Graduate student Alison Russell ’26PhD has worked to uncover the family’s ties to the Atlantic slave trade. In her research, she studied a box of receipts originally found in the attic of the barn at the museum that document Charles Porter Phelps’s involvement in and profit from Cuban sugar imports that he resold in a multitude of places, including Europe. “He made connections in Denmark and Russia, and there are these letters from Saint Petersburg and a city in Russia called Archangel. It is amazing what connects with Hadley,” says Russell. 

Graduate student Brian Whetstone ’25PhD is updating the museum’s original successful 1973 National Register of Historic Places nomination, to better encapsulate its historical significance. “I like to say that nominations in those days were kind of like the Wild West, like you could kind of just say whatever or do whatever.

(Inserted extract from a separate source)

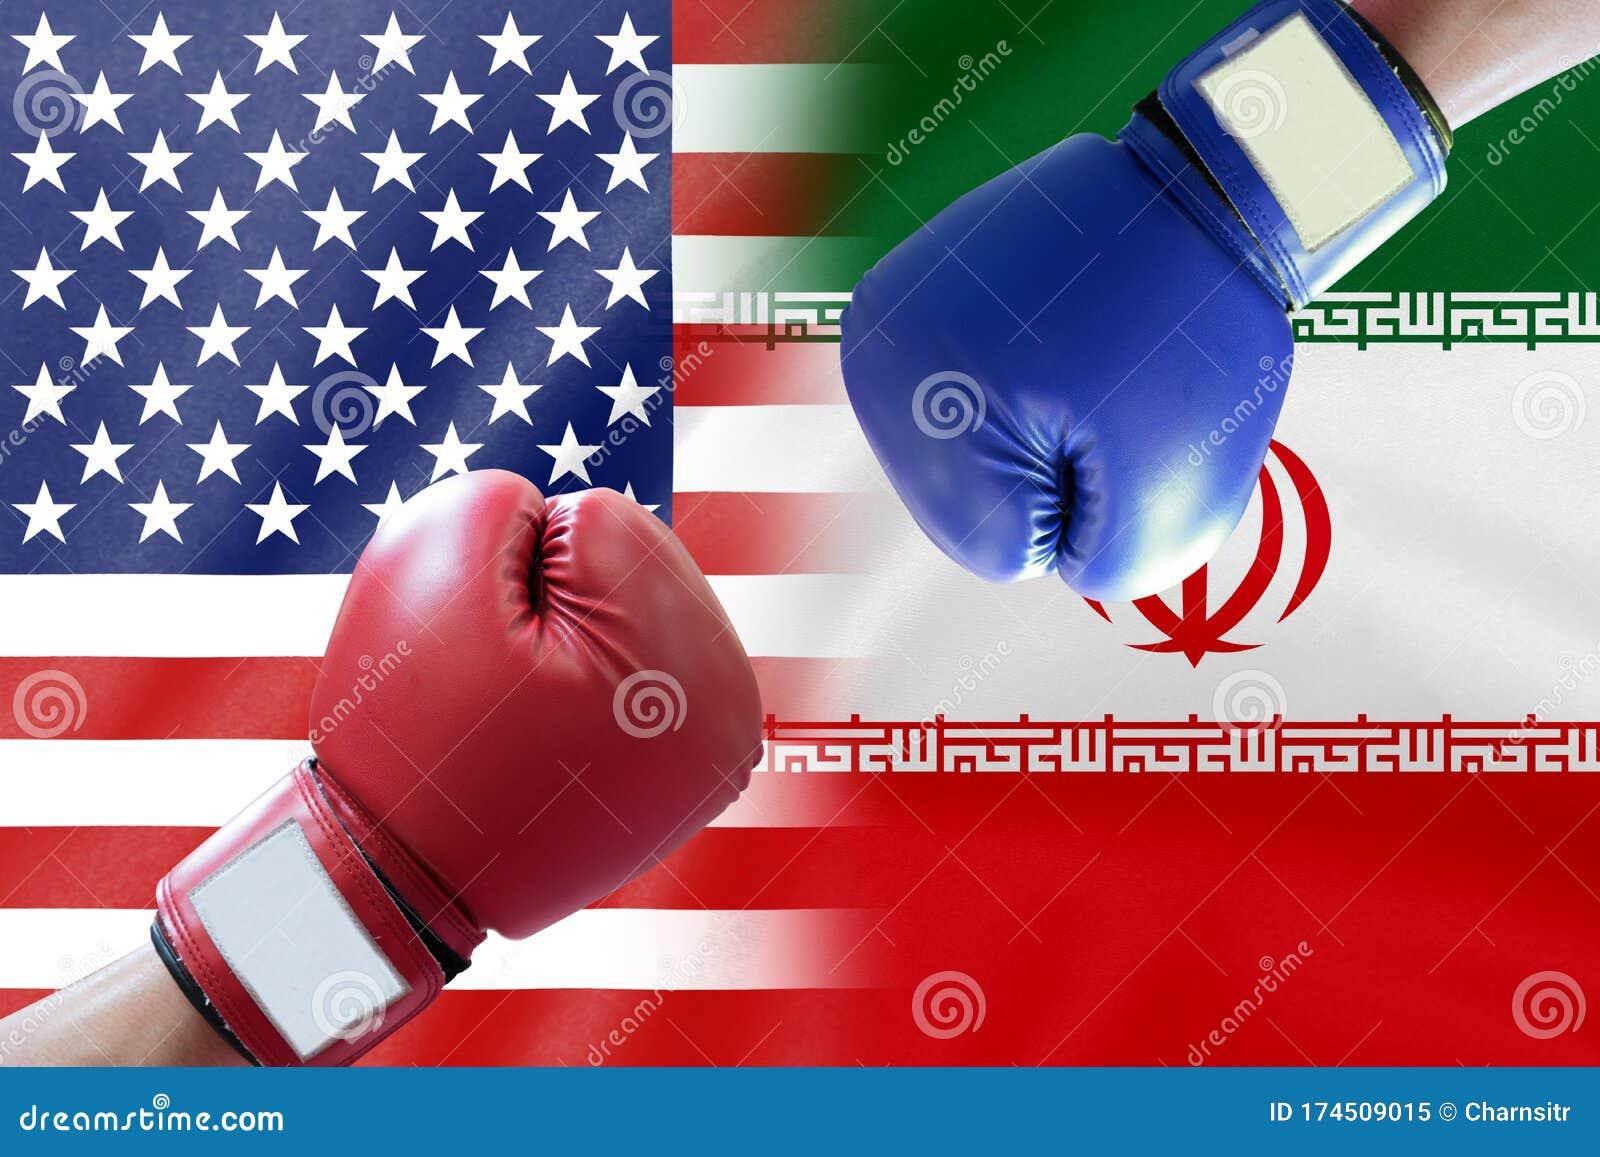 Boxing Glove On Half US Half Iran Flag Stock Image - Image of emblem,  folds: 174509015

Their standards hadn’t really been established for this practice yet,” Whetstone explains, adding that only 3 percent of nominations are ever updated to represent new history.

The original nomination only mentioned early settlement and architecture as criteria, glossing over the agricultural importance of the site and much of its other history. “Our task was to both literally and physically expand the nomination as well as tie in stories that the original nomination had overlooked,” says Whetstone.

In his research, Whetstone studied how James Lincoln Huntington manipulated the site by removing farm structures no longer in use to tell a story of what he considered to be significant about the site. “He was interested in a romanticized idea about Colonial life where everyone was bred in dignity and refinement and they all lived genteel lives,” says Whetstone.

“Meanwhile, they had enslaved laborers at the house that were making that possible.”